_EXERCISE PROMPT_: Repeat the listing exactly. Do not carry over any pictures.

_DATASET EXTRACT_:
----
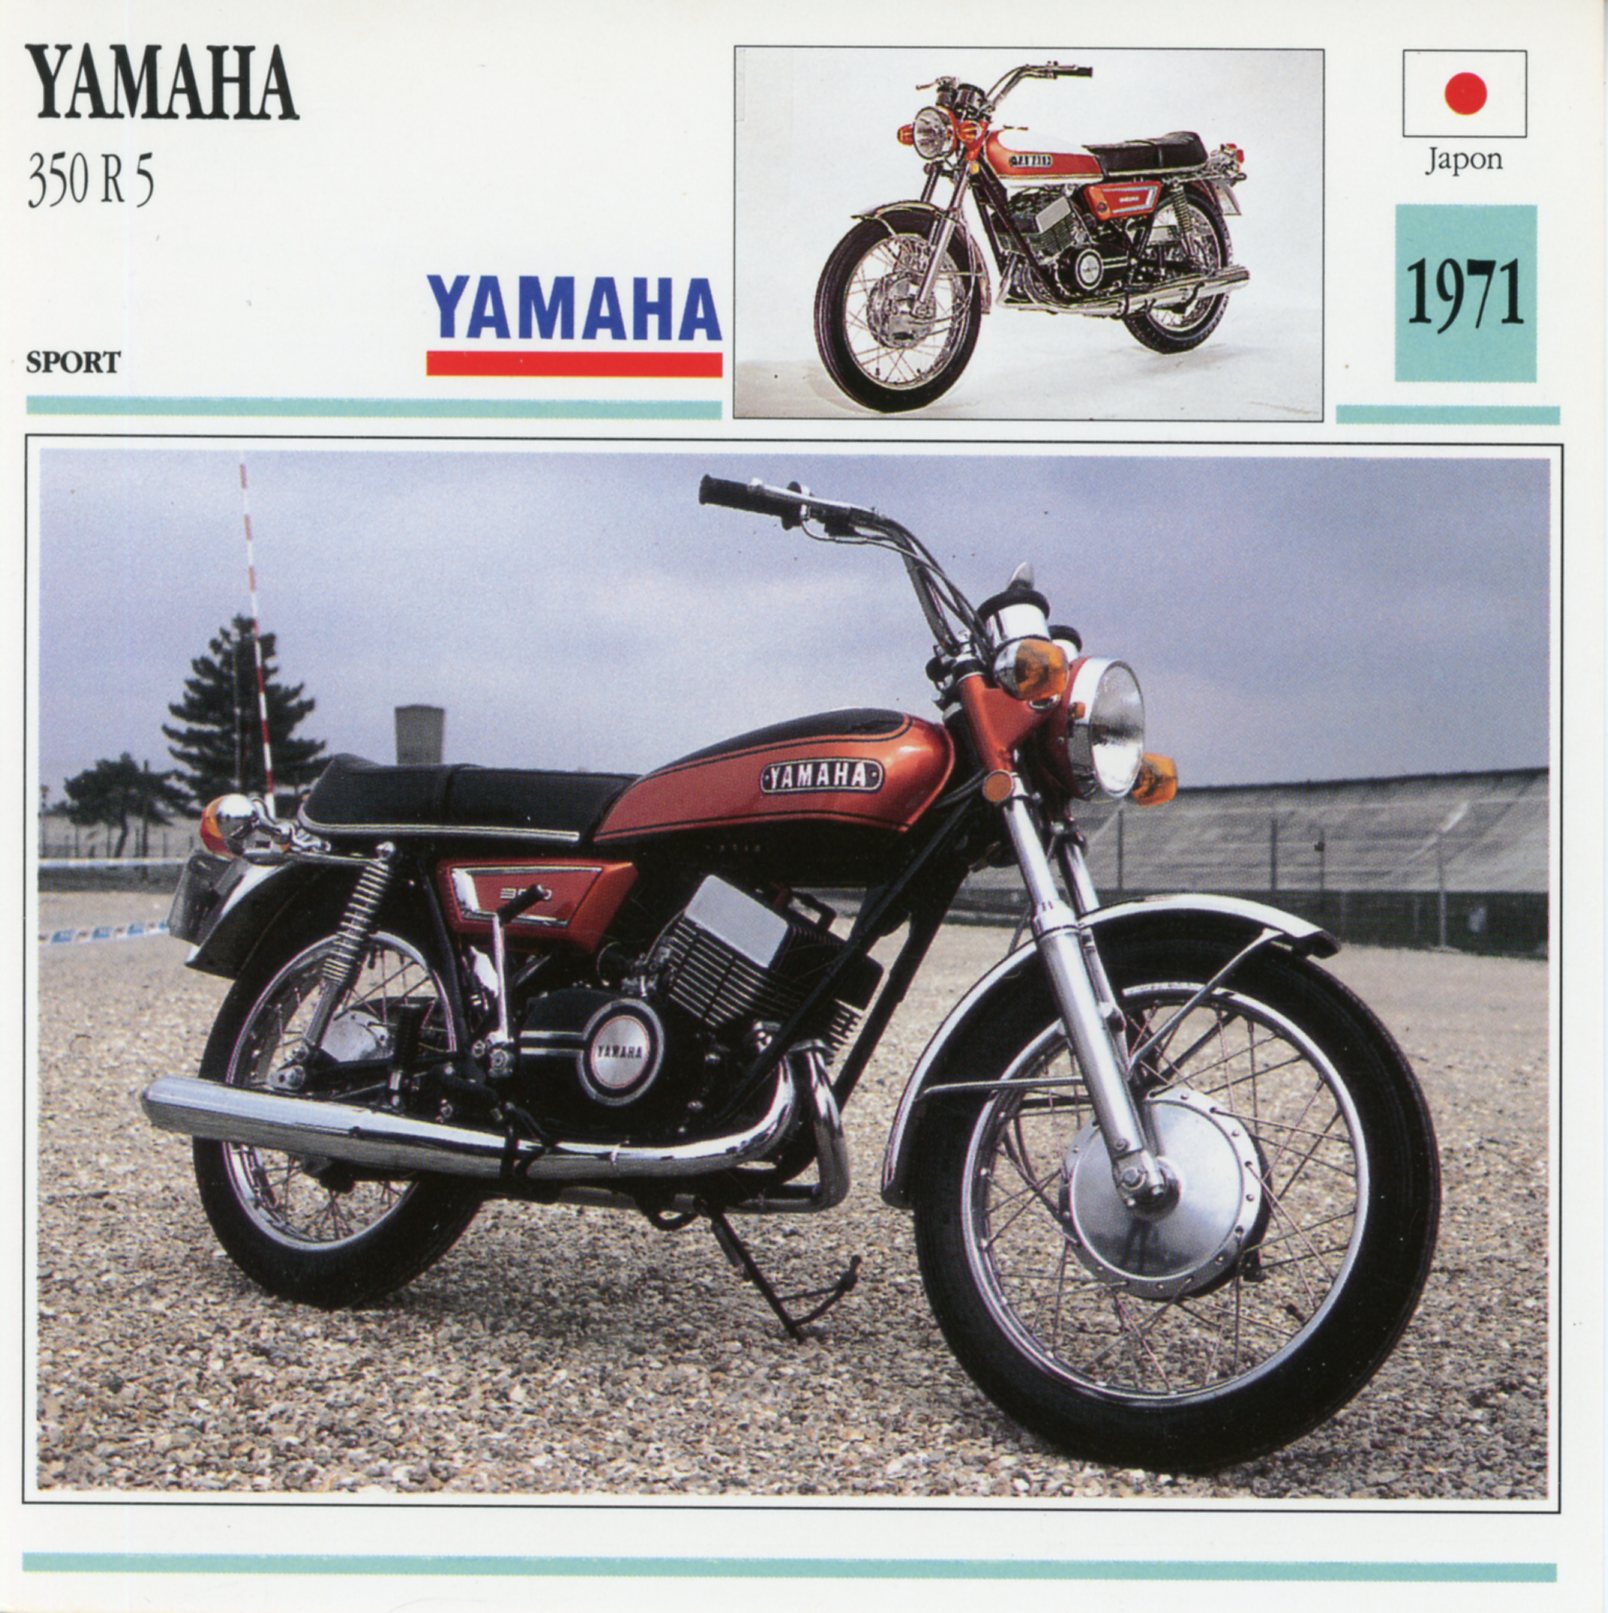 FICHE-MOTO-YAMAHA-350-R5-1971-LEMASTERBROCKERS-littérature-brochure
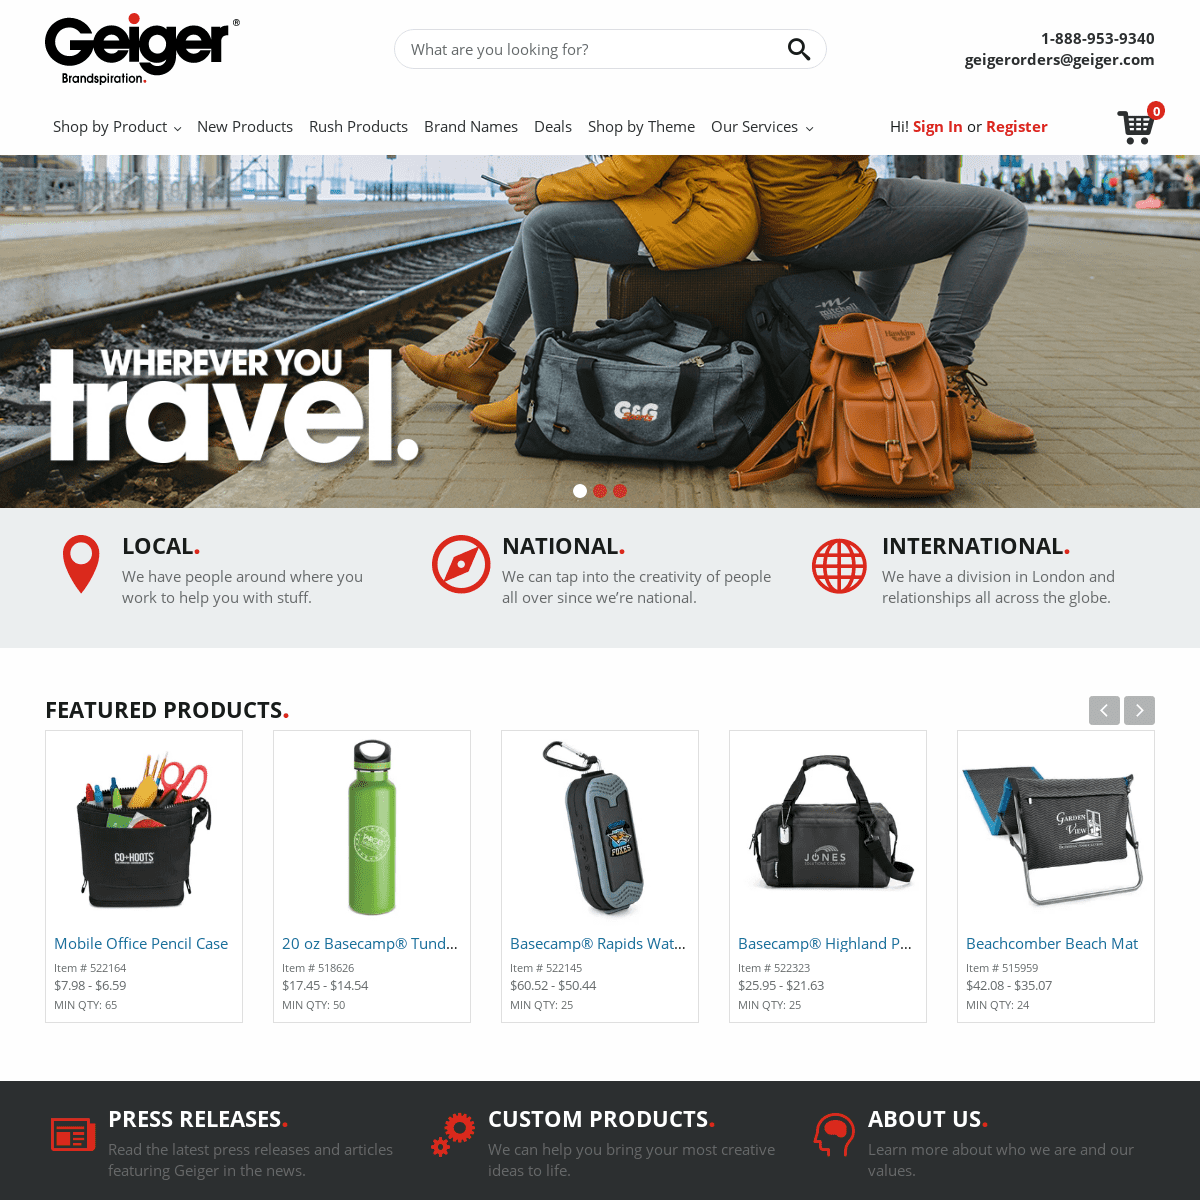 Geiger.com
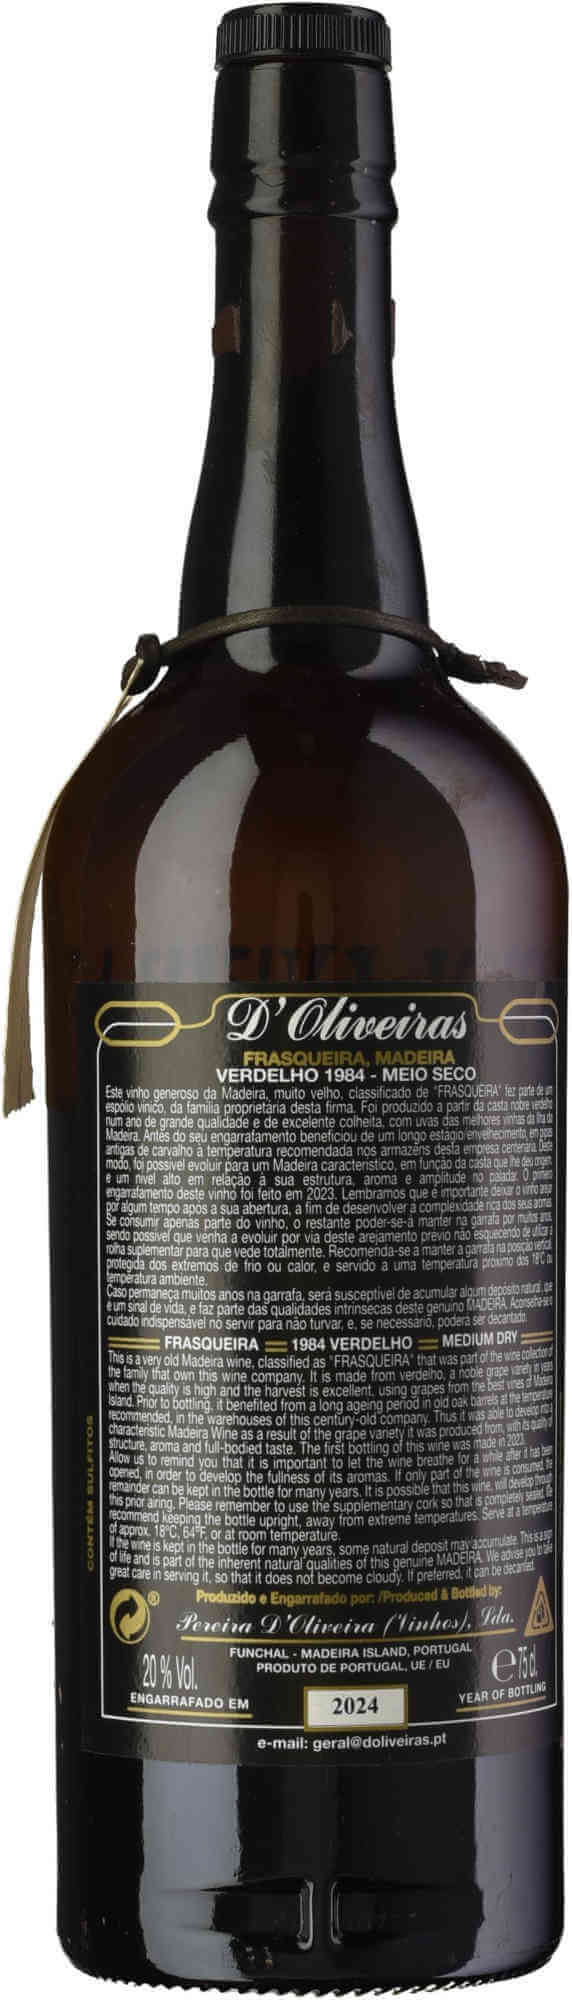 D-Oliveira-Verdelho-Madeira-1984-back
----
_RESPONSE AREA_:
 FICHE-MOTO-YAMAHA-350-R5-1971-LEMASTERBROCKERS-littérature-brochure
 Geiger.com
 D-Oliveira-Verdelho-Madeira-1984-back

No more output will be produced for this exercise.